ASSIGNMENT:
Every line of the data below is to be duplicated exactly, pictures excepted.

GIVEN INFORMATION:
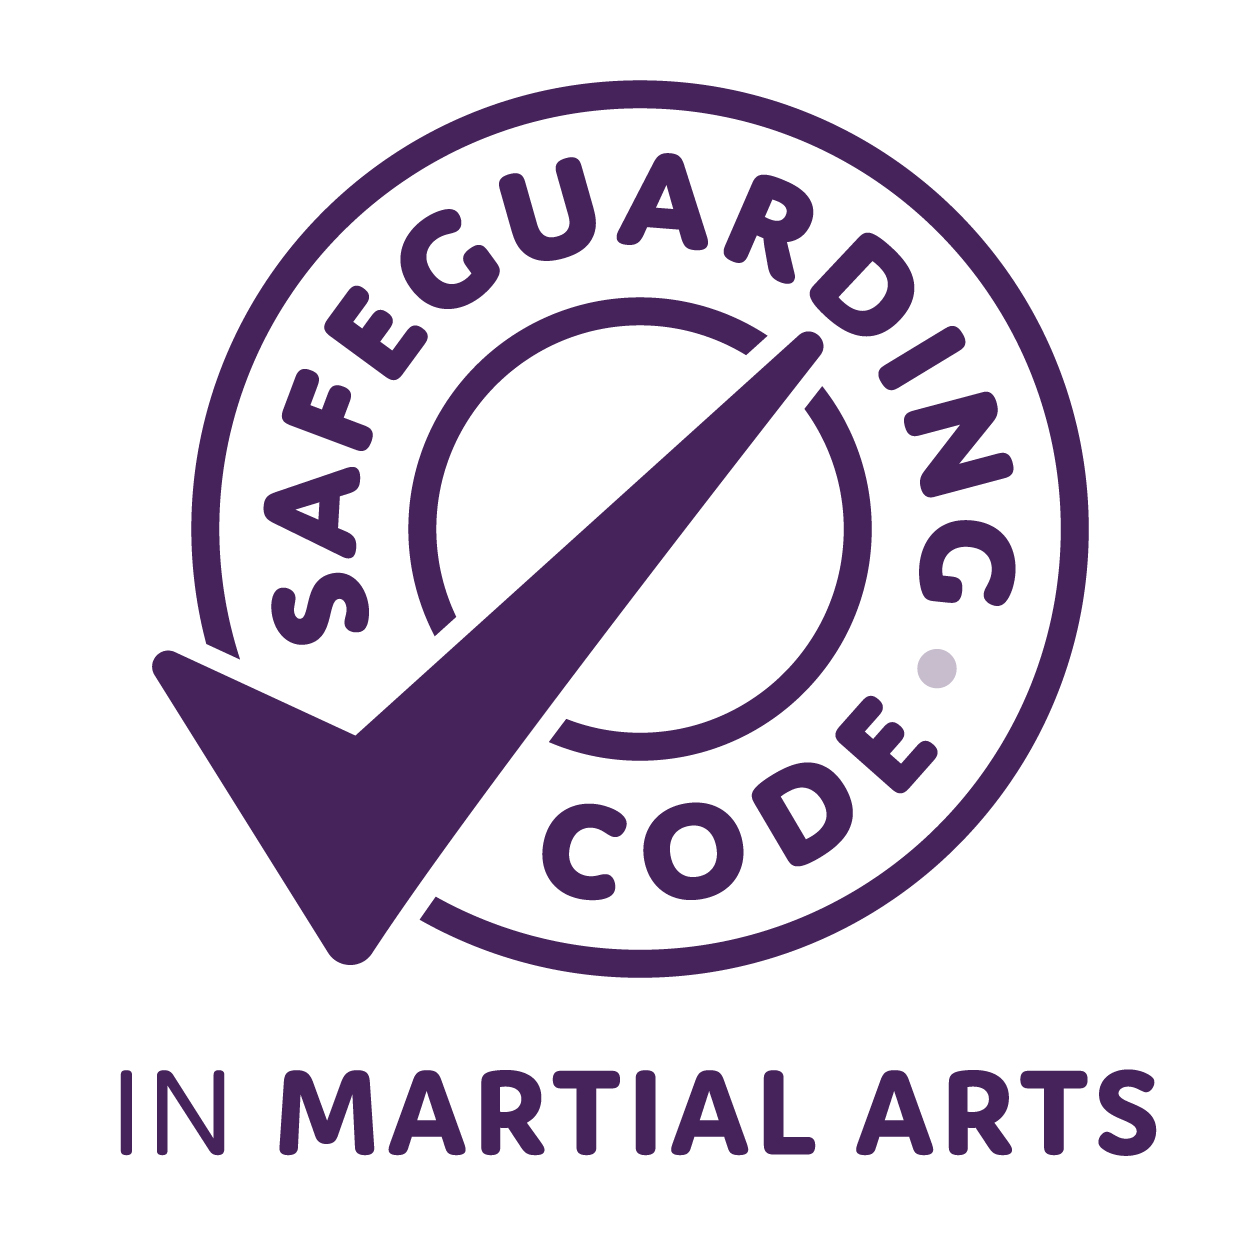 SOLO STUDIOS leads the way with new Safeguarding Code
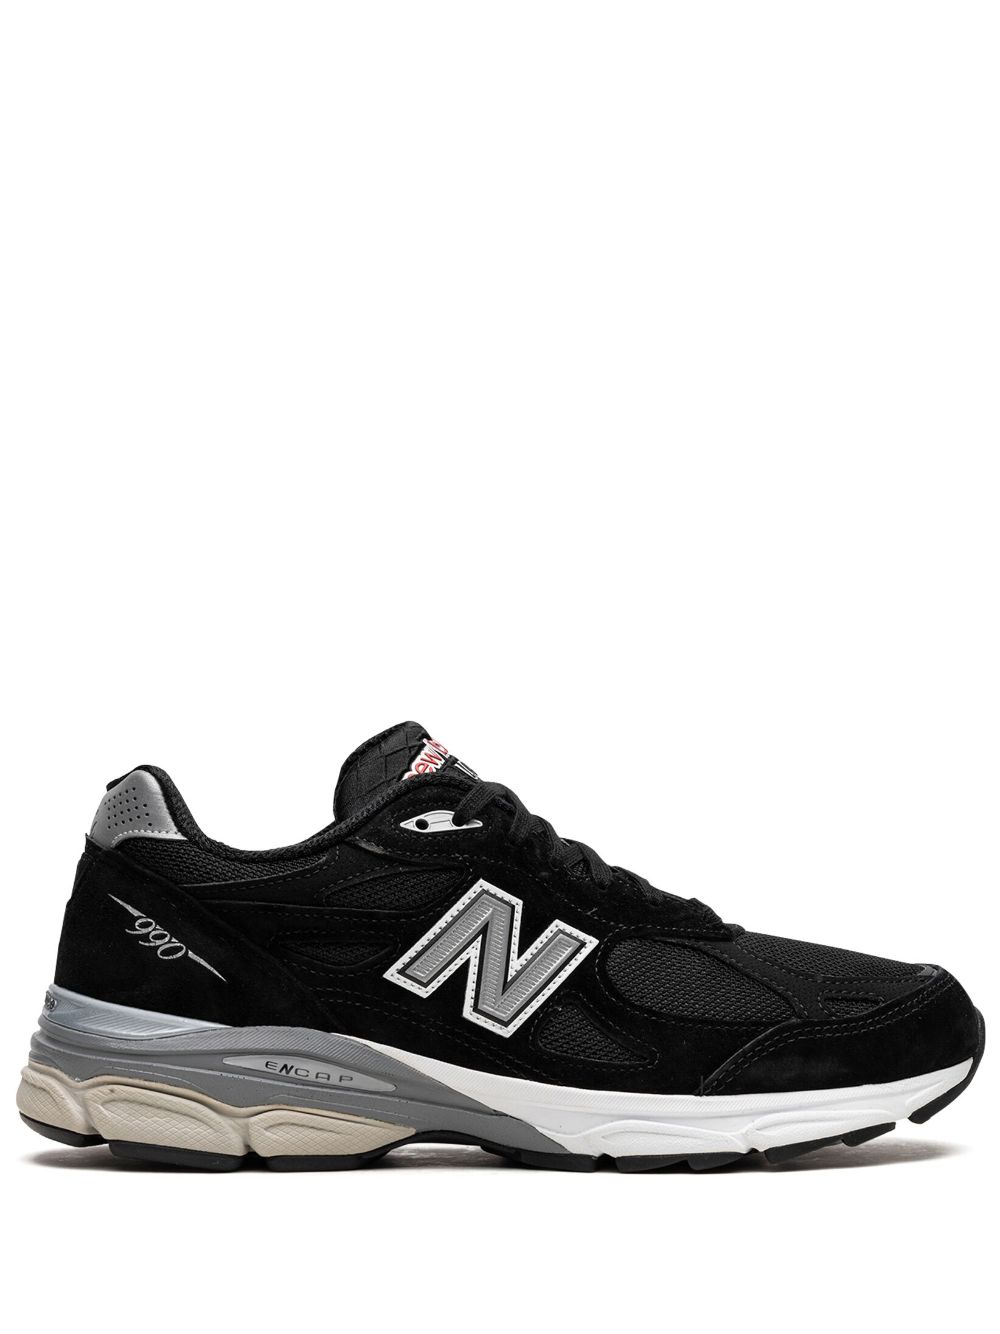 New Balance 990v3 low-top sneakers - Black
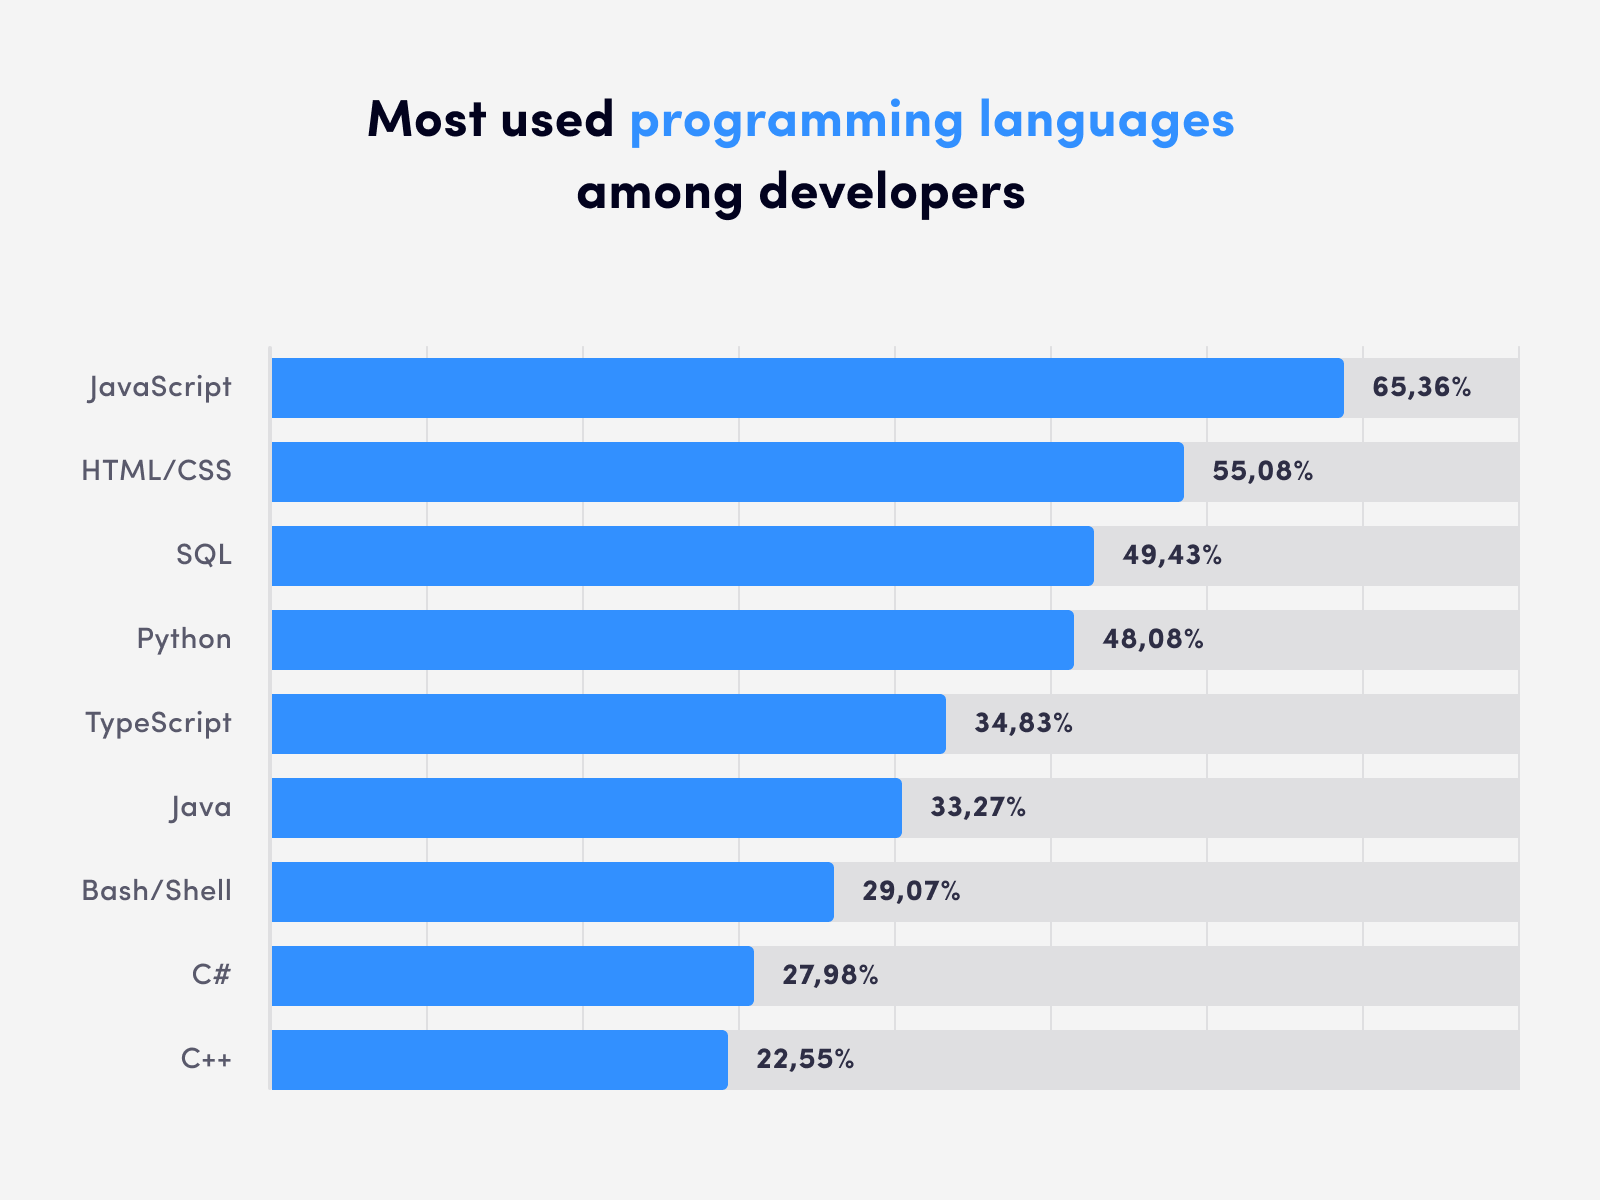 Wondering How To Make Your programming languages Rock? Read This!

ANSWER AREA:
 SOLO STUDIOS leads the way with new Safeguarding Code
 New Balance 990v3 low-top sneakers - Black
 Wondering How To Make Your programming languages Rock? Read This!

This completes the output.